Étant simple amateur de BD, j’en parle à ma sœur qui m’a présenté Jean-David Morvan.

Jean David Morvan : Quand la sœur de Victor m’a proposé de le rencontrer et de faire un album sur Ginette Kolinka, j’ai hésité. J’avais réalisé la BD « Madeleine, Résistante », et je ne voulais pas qu’on m’accuse de refaire le même concept. Puis j’ai vite dépassé cette question, quand je me suis rendu compte de la force que nous a apporté la rencontre avec Ginette. Ce fut formidable, génial. J’ai donc dit oui très vite ! Nous avons profité d’un voyage à Birkenau avec Ginette et des élèves pour mieux connaître son histoire.

 

Votre album est inspiré du voyage scolaire ?

JDM : Tout à fait ! D’ailleurs Victor apparaît dans l’album. Moi, je m’en suis extrait ! Dans « Madeleine, Résistante », j’avais raconté l’histoire de l’héroïne de façon très linéaire, de l’enfance à l’âge adulte. Ici, je voulais mettre davantage en avant le caractère et la personnalité de Ginette.

Son livre « Retour à Birkenau » est un très beau support de témoignages, mais on en apprend beaucoup plus en la rencontrant.

VM : Et puis ces voyages sont exceptionnels. Ginette refait un peu son monde, elle met beaucoup d’humour dans ses explications avec les élèves.

 

Être tous les deux au scénario, n’est-ce pas un peu compliqué ?

JDM : Pour moi, c’était une première !

VM : C’est comme si j’avais un peu besoin d’un metteur en scène car je n’y connaissais rien. Je n’avais pas les codes. Case 1, 2 ou 3, qu’est ce qui fonctionne le mieux ?

 

Certains passages ont-ils été douloureux à mettre en scène ?

JDM : Un passage concerne les toilettes, Ginette y décrit les bleus, la couleur de peau, les croûtes, les plaies. Je savais que cette scène ne pouvait pas être dessinée.

VM : Les personnes qui s’urinent dessus, on pouvait l’écrire mais le dessiner, non !

 

Quelle est votre technique pour faire passer ces douleurs ?
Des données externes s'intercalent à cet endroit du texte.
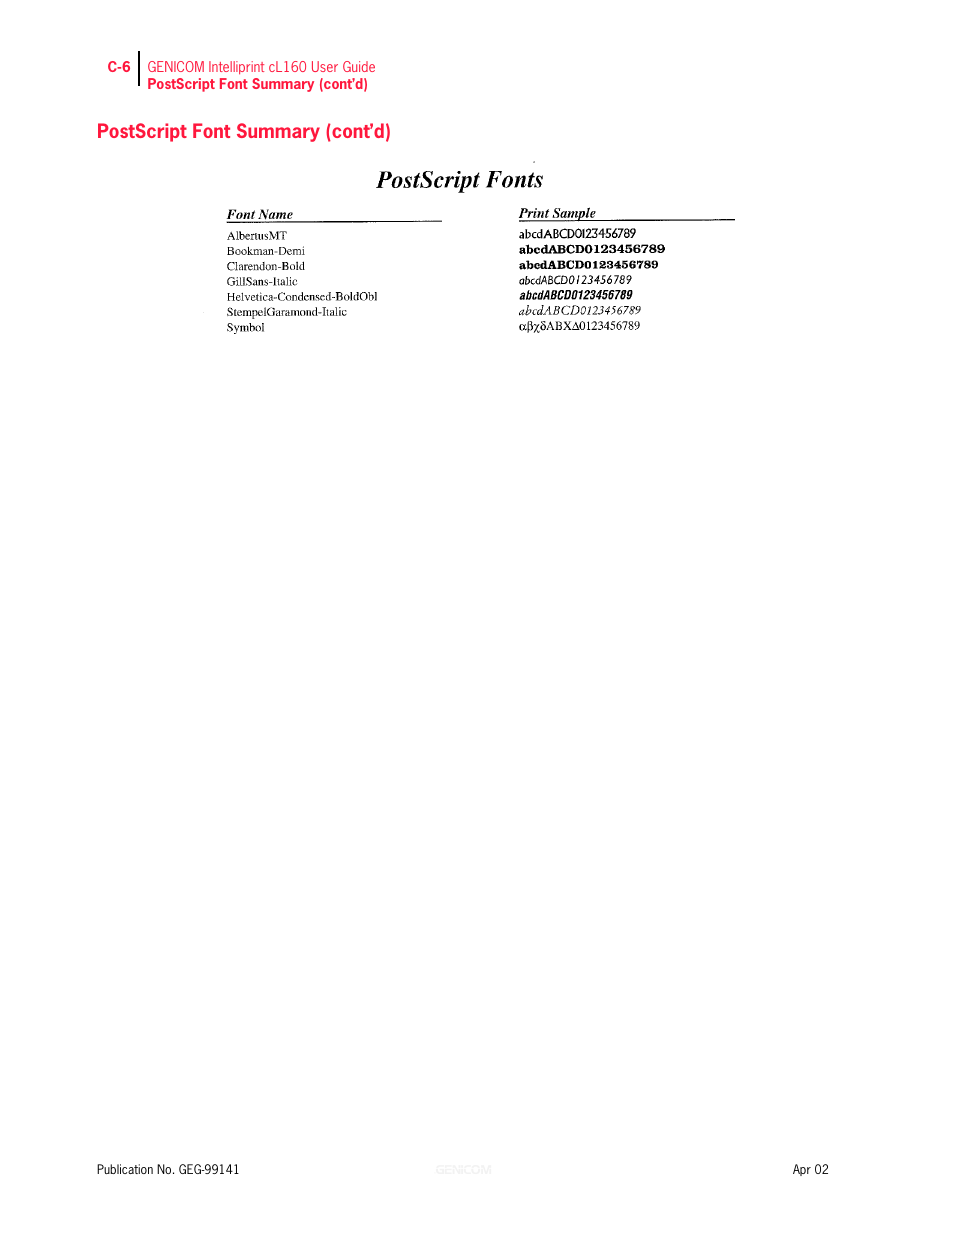 Postscript font summary (cont’d), Postscript font summary (cont’d) c-6 | Genicom cL160 User Manual | Page 204 / 216

JDM : L’importance du témoignage dans la BD est : comment raconter cela sans bloquer le lecteur ? II faut se mettre dans la peau du lecteur, faire en sorte qu’il soit touché mais trop non plus, pour éviter qu’il ne referme trop vite le livre. On pousse le bouchon loin, mais on veut qu’ils tiennent jusqu’à la fin. C’est cela notre vrai travail !

 

Jean- David, tu affirmes que tu ne veux pas être catalogué suite à « Madeleine, Résistante ». Pour quelles raisons ?

JDM : Cela peut arriver surtout si l’album marche. On dira que Morvan a trouvé son créneau. Mais en fin de compte je m’en fiche. L’essentiel est ce que fais, pas ce que l’on va dire.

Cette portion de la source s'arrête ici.